我是 docker 新手,如果这是一个愚蠢的问题,请原谅我,但最近,我一直在尝试测试
faster-whisper
,OpenAI 的 Whisper 的重新实现,为了测试这一点,我使用了一个 docker 容器,其中包含来自 docker hub 的图像nvidia/cuda:11.7.1-cudnn8-runtime-ubuntu22.04
在 ubuntu、wsl2 上。我成功构建了图像,但是当我运行它时,出现此错误:
==========
== CUDA ==
==========
CUDA Version 11.7.1
Container image Copyright (c) 2016-2023, NVIDIA CORPORATION & AFFILIATES. All rights reserved.
This container image and its contents are governed by the NVIDIA Deep Learning Container License.
By pulling and using the container, you accept the terms and conditions of this license:
https://developer.nvidia.com/ngc/nvidia-deep-learning-container-license
A copy of this license is made available in this container at /NGC-DL-CONTAINER-LICENSE for your convenience.

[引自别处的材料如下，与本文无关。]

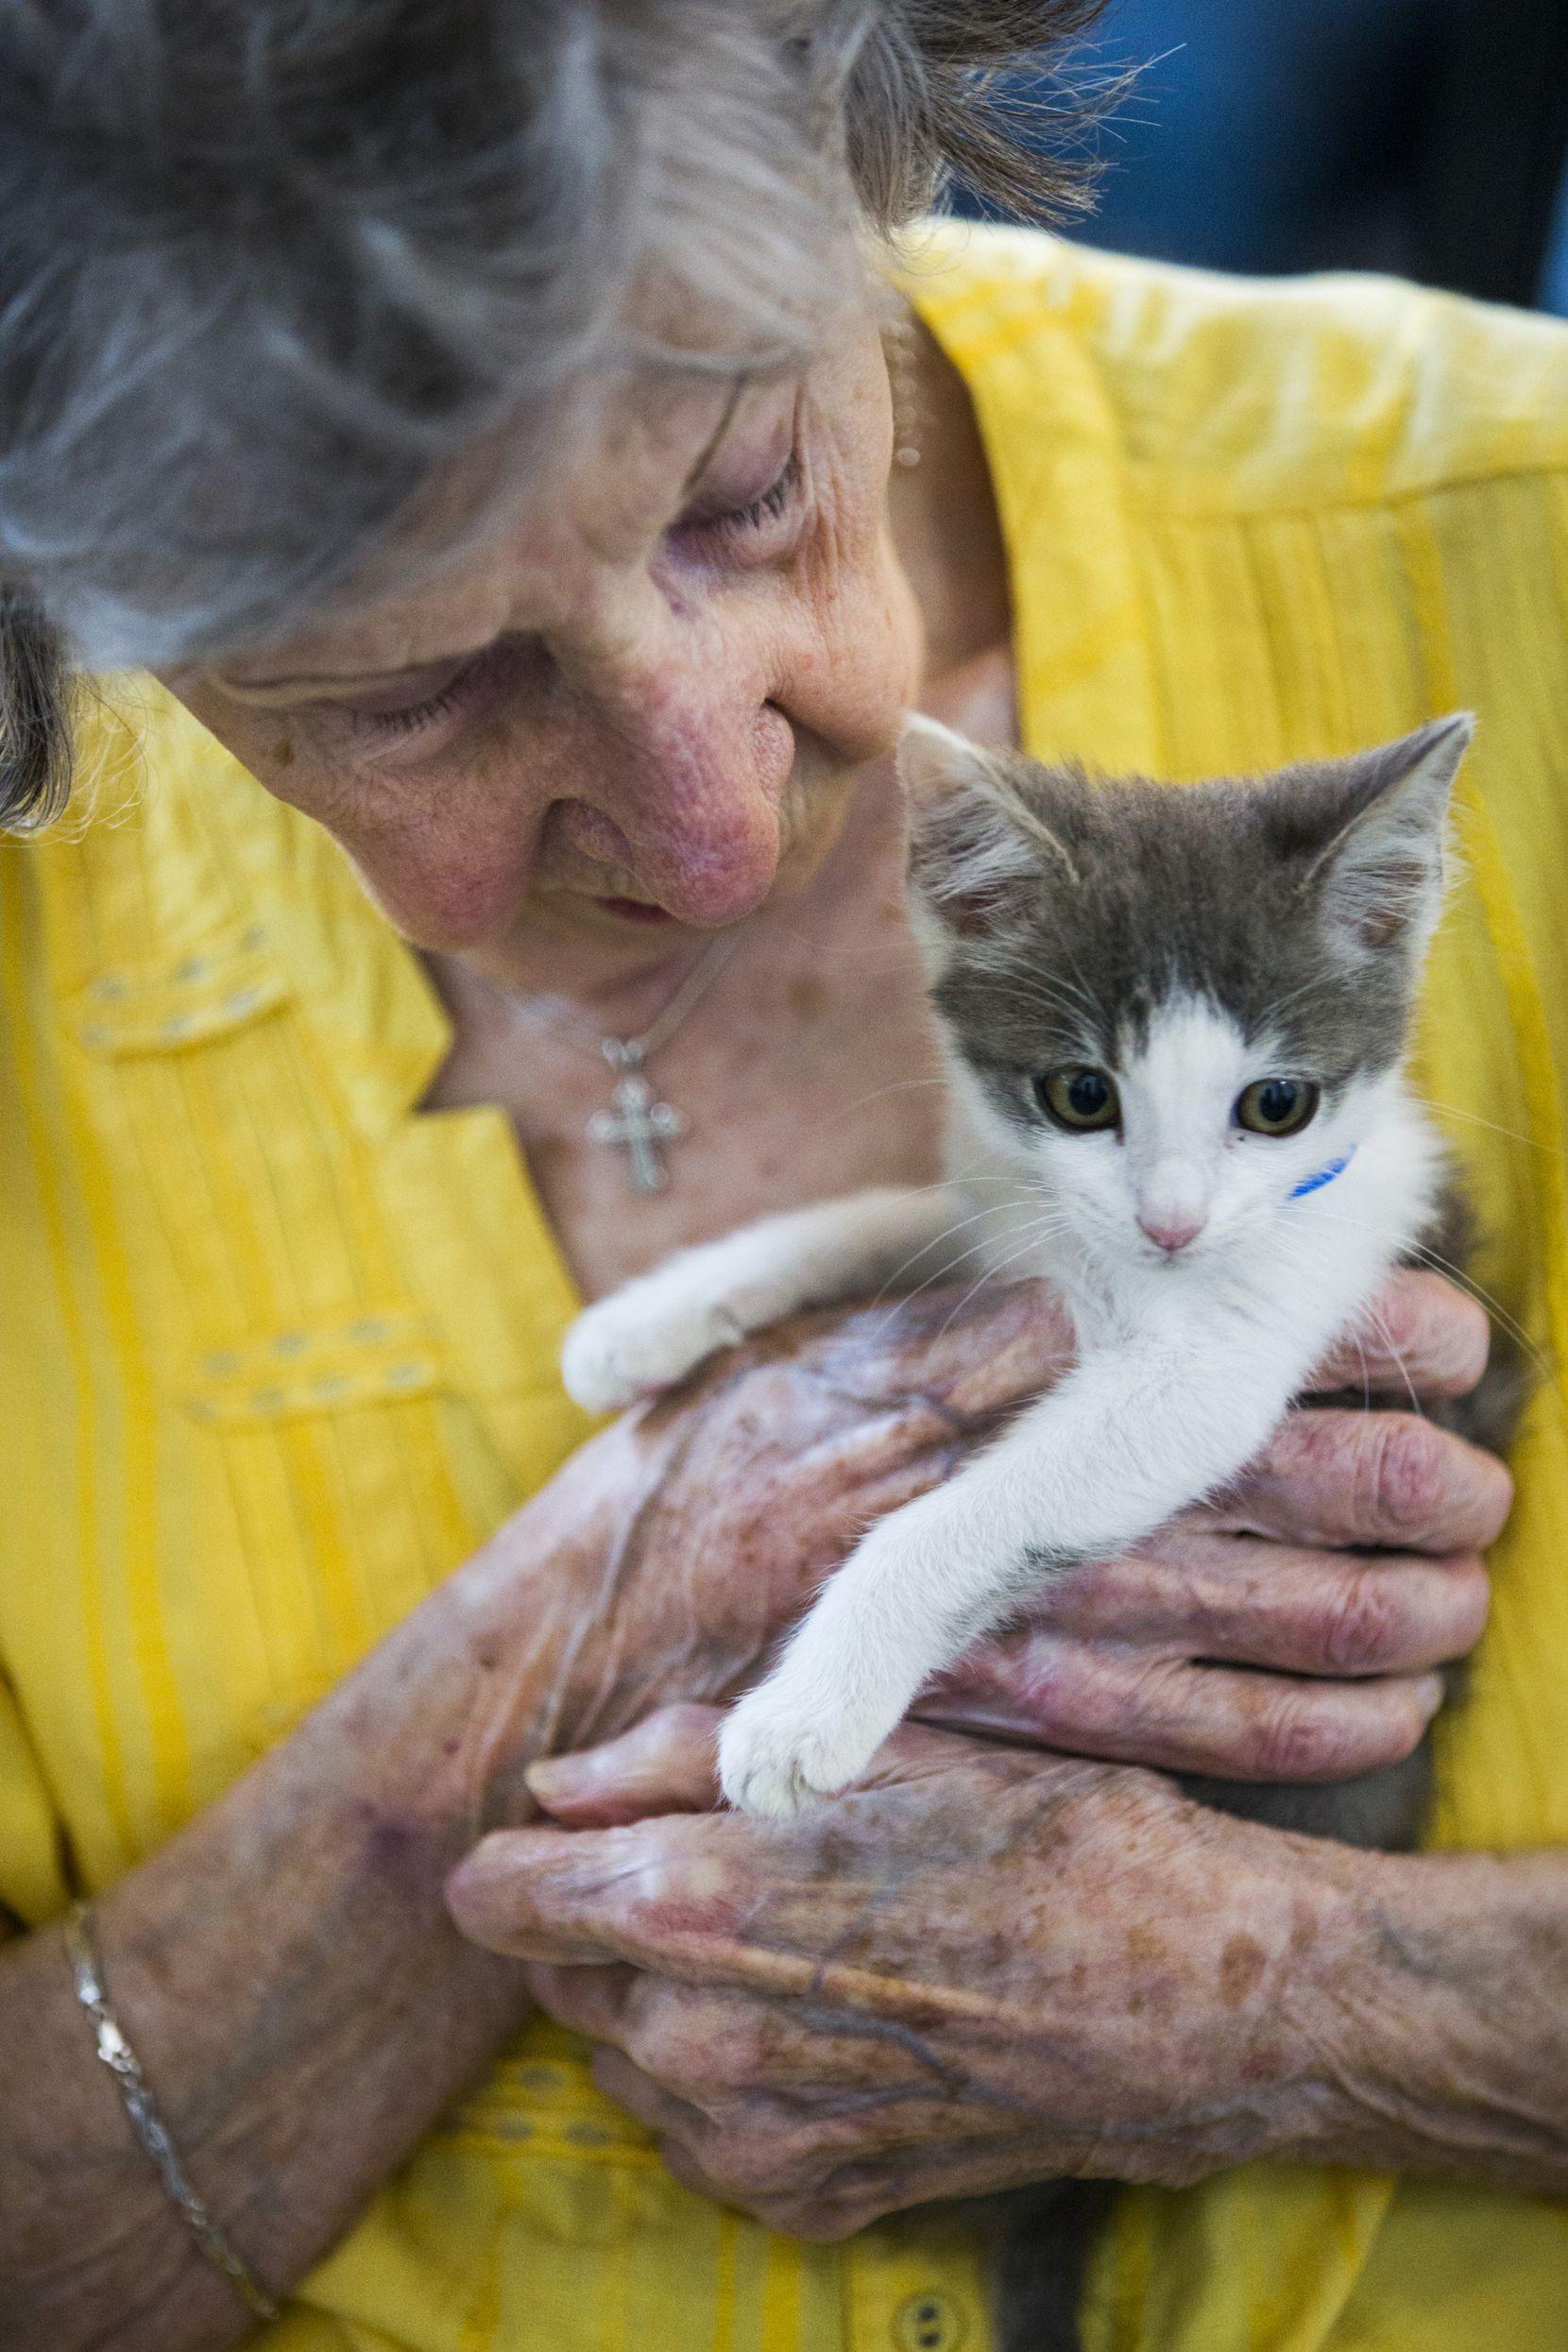 Dottie Lemmond held a kitten before the yoga class.

Traceback (most recent call last):
File "/home/user/Documents/experiment/./main.py", line 8, in <module>
model = WhisperModel(model_size, device="cuda", compute_type="float16")
File "/usr/local/lib/python3.10/dist-packages/faster_whisper/transcribe.py", line 128, in __init__
self.model = ctranslate2.models.Whisper(
RuntimeError: CUDA failed with error no CUDA-capable device is detected
我用谷歌搜索并尝试了很多可能的解决方案,甚至完全重新安装了 nvidia 驱动程序、nvidia-container-toolkit 和 docker,但错误似乎仍然存在。
这是我用来构建镜像的 Dockerfile:
FROM nvidia/cuda:11.7.1-cudnn8-runtime-ubuntu22.04
RUN apt -y update && apt -y install python3.11 python3-pip
ENV NVIDIA_VISIBLE_DEVICES all
ENV NVIDIA_DRIVER_CAPABILITIES utility,compute
WORKDIR /home/user/Documents/experiment
COPY requirements.txt .
RUN pip install --no-cache-dir -r requirements.txt
COPY . .
CMD [ "python3", "./main.py" ]
这是Python脚本,我主要是从官方github页面复制粘贴的:
from faster_whisper import WhisperModel
import os
os.environ['CUDA_VISIBLE_DEVICES'] = "0"
model_size = "large-v2"
# Run on GPU with FP16
model = WhisperModel(model_size, device="cuda", compute_type="float16")
# or run on GPU with INT8
# model = WhisperModel(model_size, device="cuda", compute_type="int8_float16")
# or run on CPU with INT8
# model = WhisperModel(model_size, device="cpu", compute_type="int8")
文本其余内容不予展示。